WHY IT MATTERS: The NYT is saturating its news articles with its biases. It will undermine political candidates, countries and people it dislikes, even when simply relating a quote. It is perfecting #FakeNews and deepening distrust in the media.
DETAILS: New York City Mayor Eric Adams went to Israel for a few days in August 2023, and shared how deeply impressed he was with the food, technology and people. As he wound up an event discussing battling antisemitism, the current debates about reworking the power of the judiciary and the “start up nation” which remarkably produced dozens of billion dollar companies (“unicorns”), he said the following to the crowd:
“Hard is starting this country being surrounded by people who hated you. Hard is figuring out how to do drop irrigation so you can start growing your own products. Hard is building and being not only a start-up nation, but now leading a number of start-ups you’re seeing across the globe. And the reason you’ve survived layers and layers of difficulties and you’re still here, it is not because of the soil but because you’re made of good quality. It’s the people, folks!”

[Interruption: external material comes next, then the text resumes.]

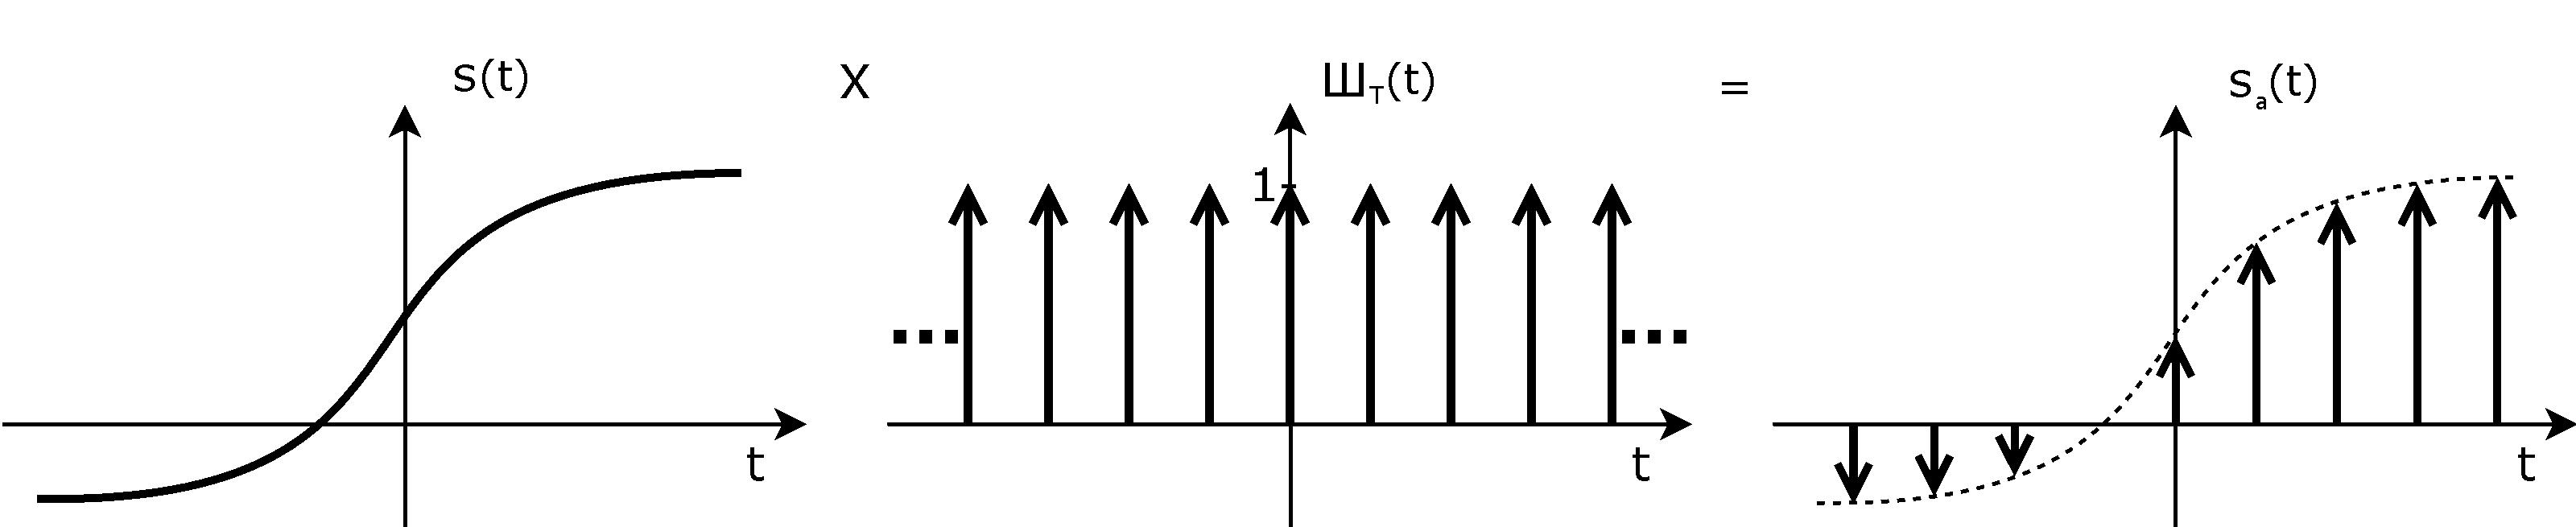 nyquist shannon sampling theorem pdf

In covering the story, the NYT offered that Adams saying “Israel is a unicorn,” is “a metaphor open to interpretation.”
Unless this reporter has been living under a rock, everyone knows that a “unicorn” is used to describe companies which have achieved billion dollar-status. Israel has a remarkable number of them, despite its small size.
Even if the Times is clueless, how can anyone misinterpret “you’re made of good quality”?
New York Times belittling compliment to Israelis, August 26, 2023
WRITE THE TIMES “Your ongoing coverage of Israel is pathetic”
New York City is home to the largest Jewish diaspora. It is also home to some of the worst antisemitism in the world.
According to the ADL, 2022 was the worst reported year of antisemitic attacks since it started tracking incidents in 1979, and New York State and New York City had record breaking numbers of incidents. The NYPD data showed that Jews were the most targeted ethnic group by a wide margin.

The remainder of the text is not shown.